Nie jestem jakimś wielkim fanem GW, ale z pewnością nie przechodze obok tego obrazu obojętnie, jednak oglądając ten film dostrzegam wiele rzucających się w oczy absurdów:
1)Główny bohater potrafi naprawiać kosmiczne ścigacze, bedac w wieku przedszkolnym robi sobie inteligentnego robota, a mimo to jest niewolnikiem jakiegos prymitywnego stworka.
2)Najśmieszniejsze są te pomieszczenia mieszkalne - lepianki wypełnione sprzętem elektronicznym i zaawansowanymi technologiami.
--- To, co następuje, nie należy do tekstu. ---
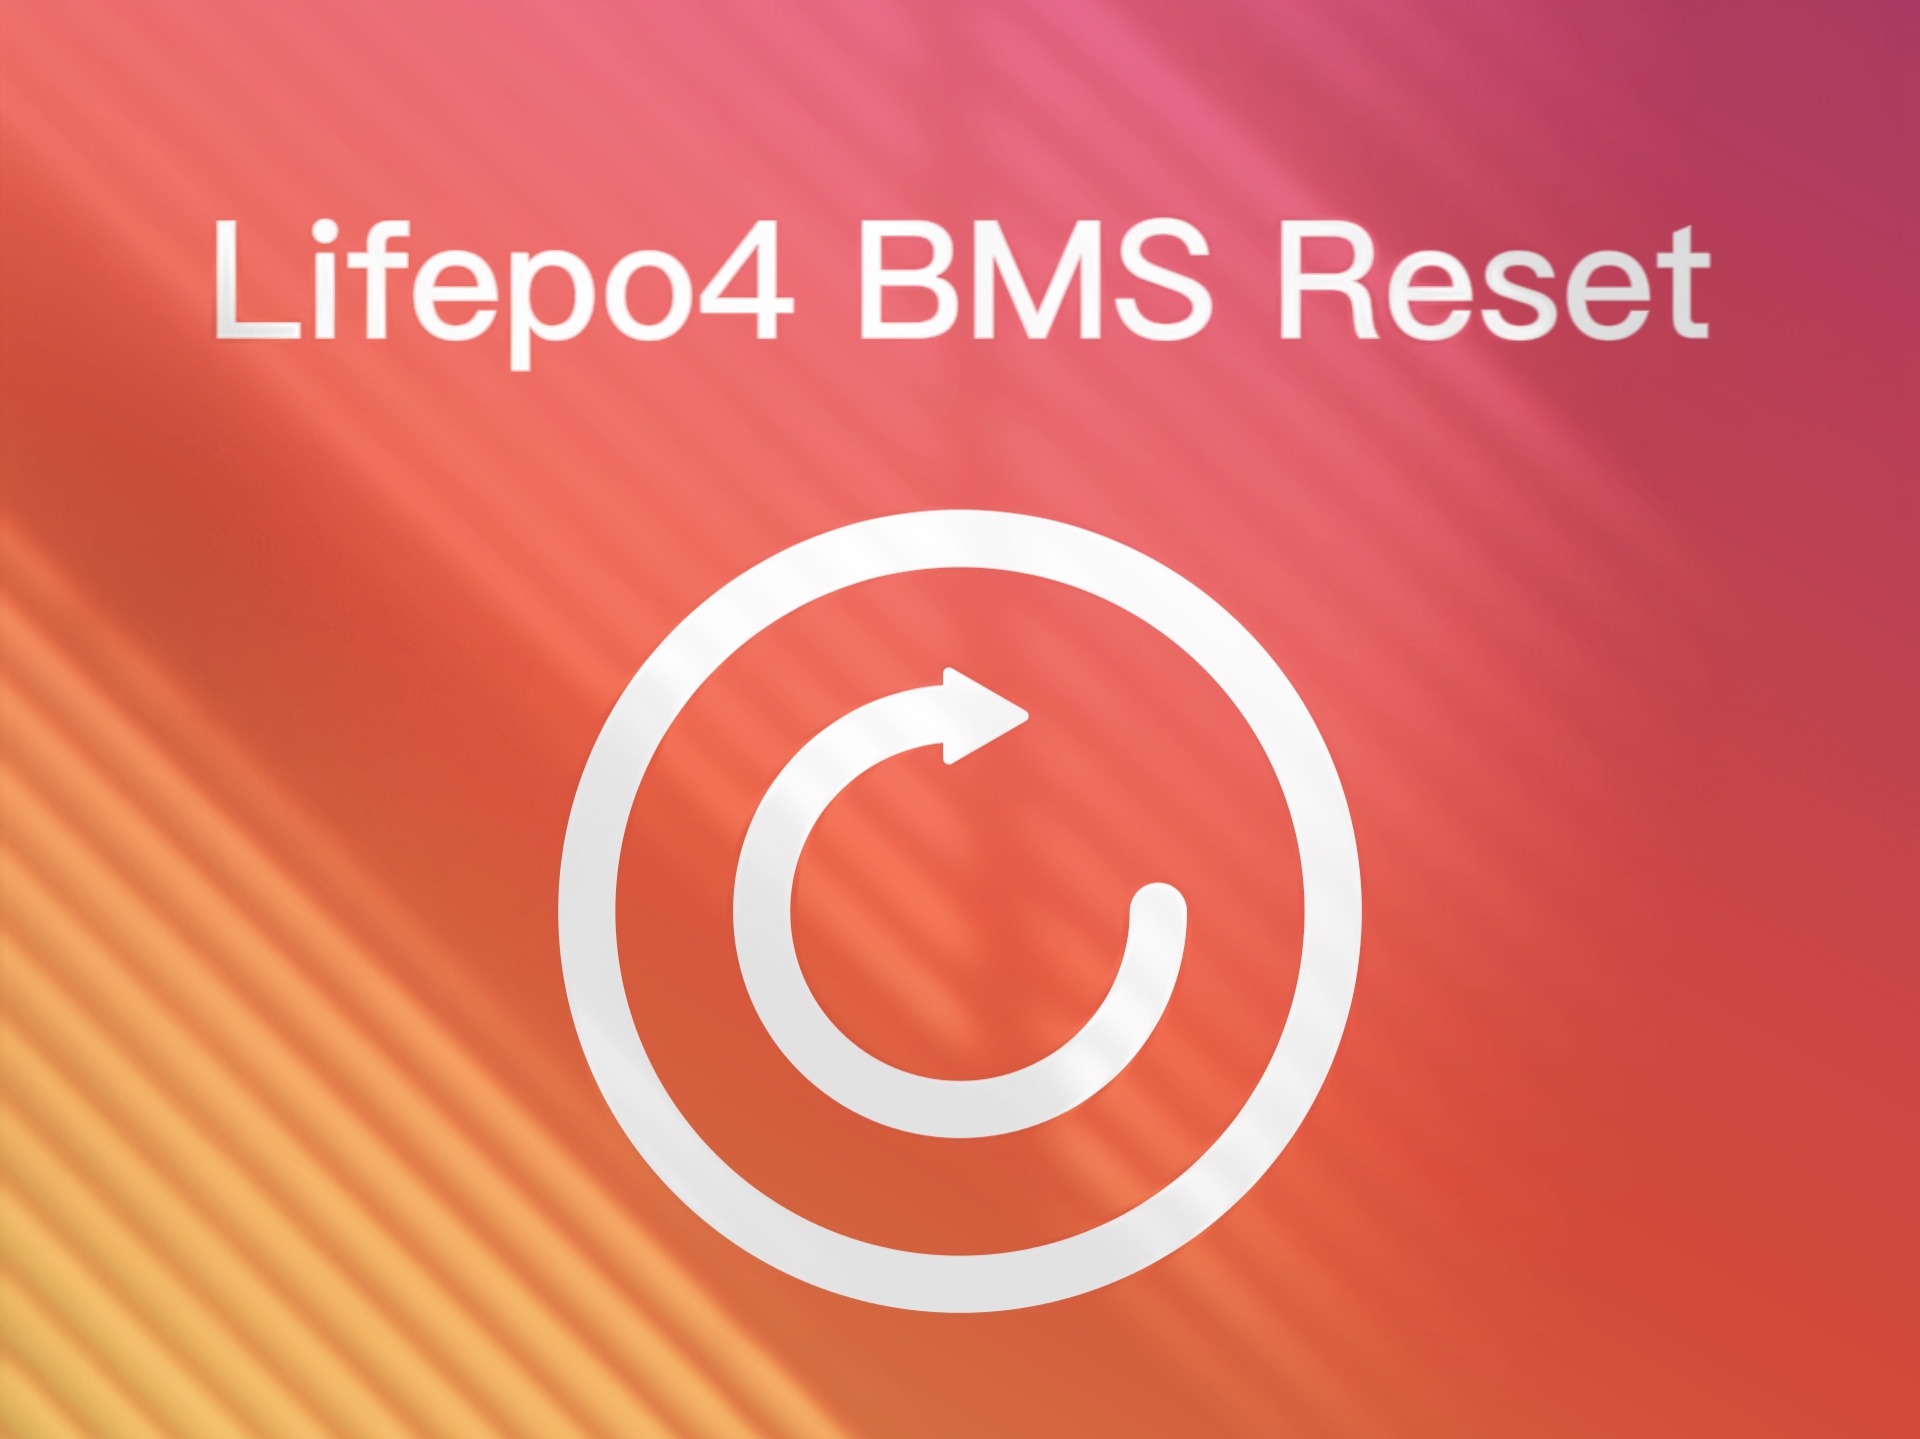 Lifepo4 BMS Reset

Wszystko "poszło do przodu", tylko architektura zatrzymała się na poziomie domków z błota:)
3)Obok ścigaczy i statków kosmicznych, o których dzisiejszym naukowcom nawet się nie śniło, różnej maści istoty poruszają się na mamutach i wielbłądo-podobnych zwierzakach...
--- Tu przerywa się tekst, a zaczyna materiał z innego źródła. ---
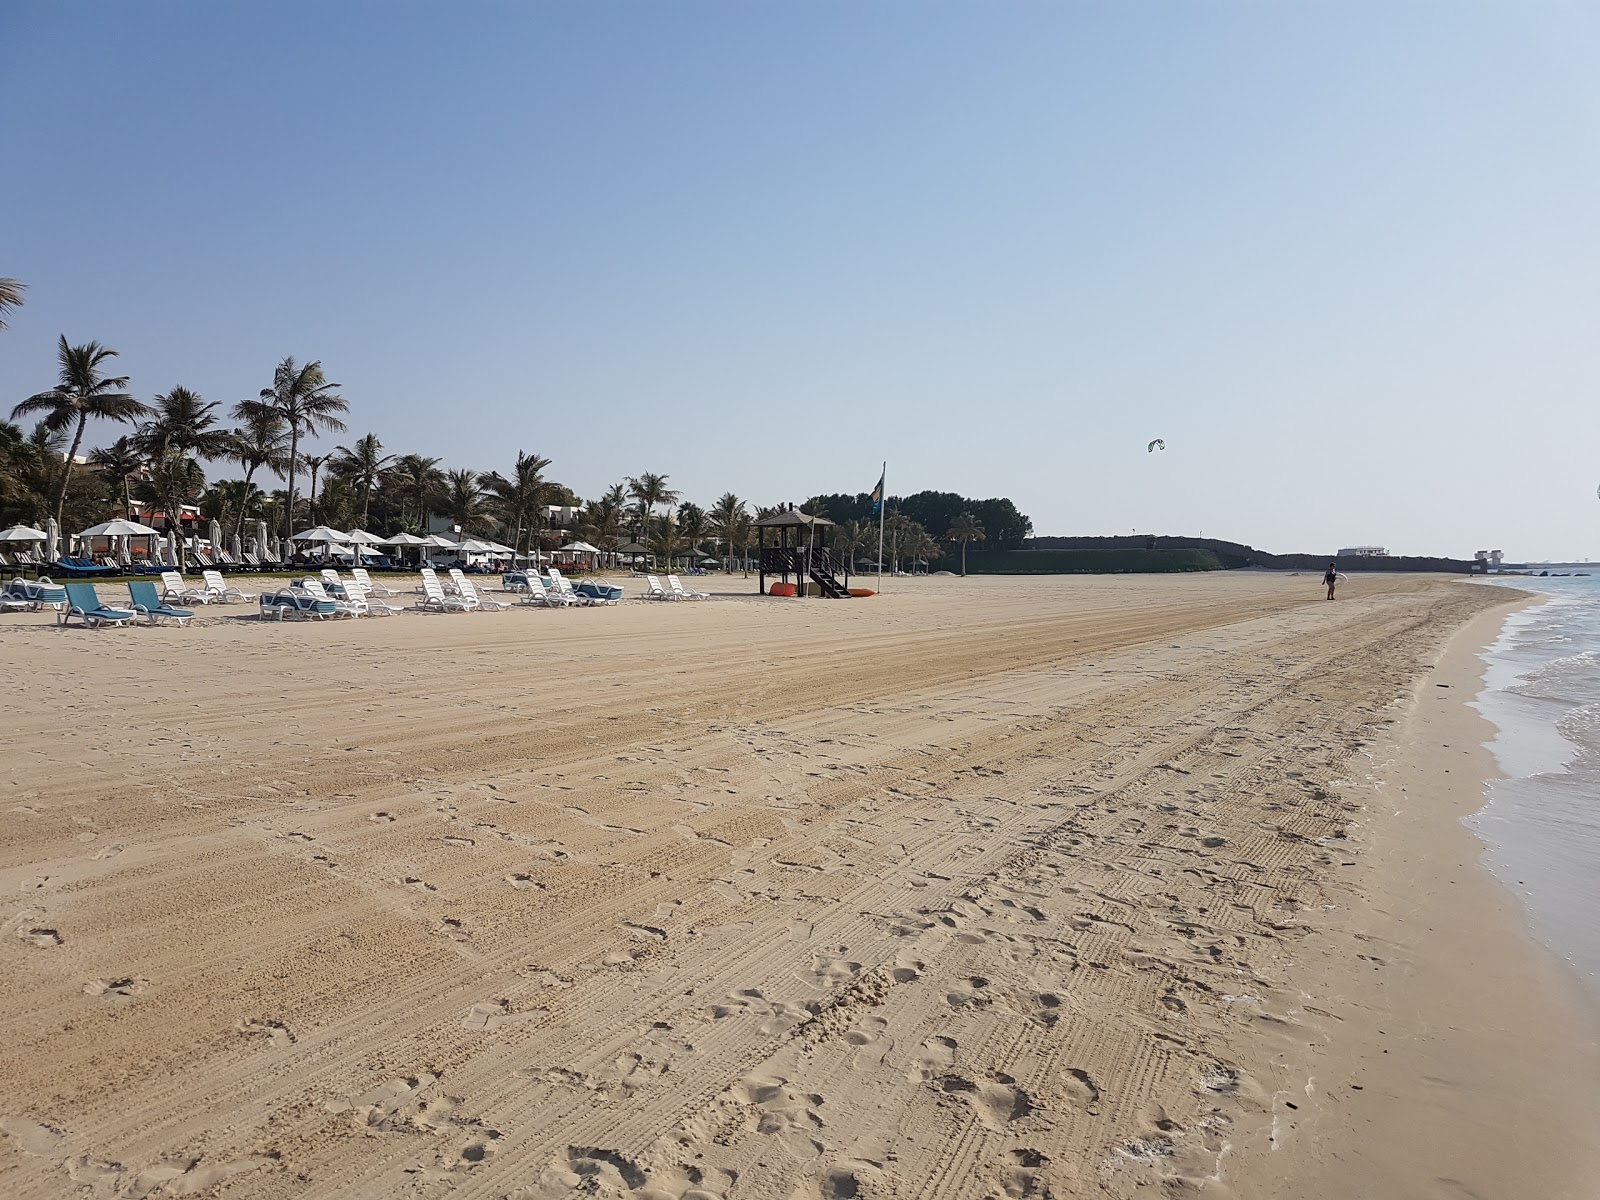 Fotografie cu Jebel Ali Beach - locul popular printre cunoscătorii de relaxare

4)Dzieciak w lepiance potrafi skonstruować super inteligentnego robota, a potężne imperium zła dysponuje śmiesznymi, które w walce padają jak muchy...
Film oceniam na 7. Takie lekkie i przyjemne w oglądaniu kino komercyjne.
1. Genialny dzieciak z biednej dzielnicy. Blisko zatrzymali się łowcy talentów i go przygarnęli. Zresztą kto inny miał się tam nim zająć :)?
2. Też mnie to kiedyś śmieszyło :). Ale to wina konwencji.
3. Jak widać, nic nie zastąpi wiernego wierzchowca.
4. A ten super inteligentny to niby niezniszczalny był? Najwidoczniej imperium stawiało na ilość, nie jakość ;).